Choose an extra lean or lean cut of beef such as an eye of round roast, top or bottom round roast, sirloin tip side steak or top sirloin steak. If you are unsure which cut to choose, select the package labeled "choice" or "select" instead of "prime," which is fattier, according to MayoClinic.com. Additionally, choose meat with the least marbling -- fatty, white streaks throughout the cut.
Trim away all visible fat, and drain ground beef once it's completely cooked. Grill or broil beef to reduce the calorie count even further -- some of the fat will drip away while the meat cooks.
Select snap pea pods that are crisp and fresh. A little white scarring on snap pea pods is normal, but avoid pods that have soft or brown spots. Remove the fibrous string that connects the pod halves by bending back the stem and pulling it toward you like a zipper. Rinse the pods in cool water.
Top a garden salad with raw snap pea pods and thinly sliced steak.

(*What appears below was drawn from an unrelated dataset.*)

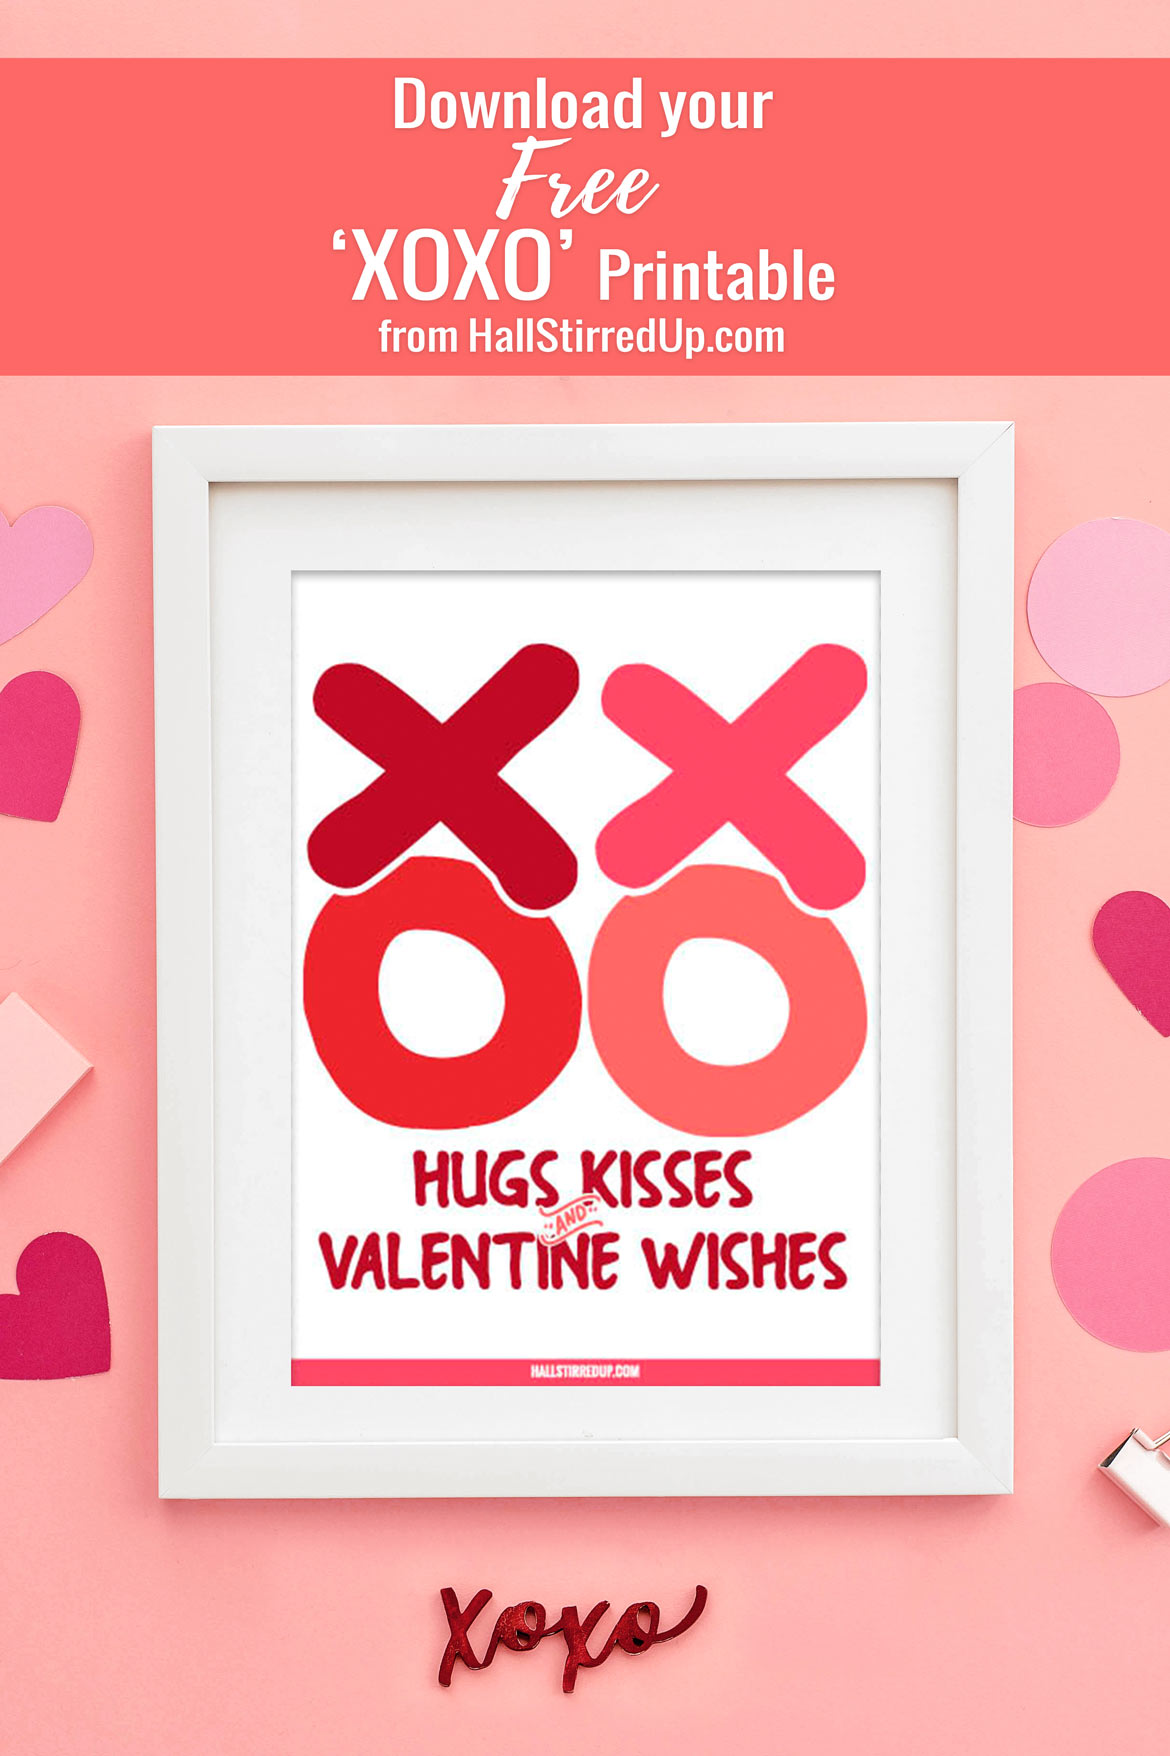 XOXO It's a fun Hugs and Kisses Valentine printable

Whisk together olive oil and balsamic vinegar for a fresh and healthy dressing.
Stir-fry steak and snap peas with other fresh vegetables including cabbage, carrots and zucchini. Drizzle a little canola oil in with the meat and vegetables to keep them from sticking to the pan. Use a low-sodium soy sauce and serve the stir-fry over brown rice for heart health.
Steam snap peas, drain and toss with lemon juice and toasted, slivered almonds. Serve as a side dish to accompany a beef roast.
Smear a whole-wheat tortilla with light mayonnaise, mustard and a little horseradish. Wrap thinly sliced roast beef, raw snap peas, lettuce, tomato and red onion in the tortilla for a light lunch.
Toss lean ground beef with sauteed snap peas, yellow squash, onions, carrots and whole-grain pasta. Season with garlic powder, salt and pepper to taste.
- If snap peas are out of season, use frozen pods for stir-fry and pasta dishes.
- Refrigerate or freeze beef immediately after purchase. Ground beef should be cooked to 160 degrees Fahrenheit while all other steaks and roasts should reach an internal temperature of 145 degrees Fahrenheit, according to the U.S. Department of Agriculture. Allow steaks and roasts to rest for a minimum of three minutes.
- Wash hands with warm, soapy water immediately after handling raw meat.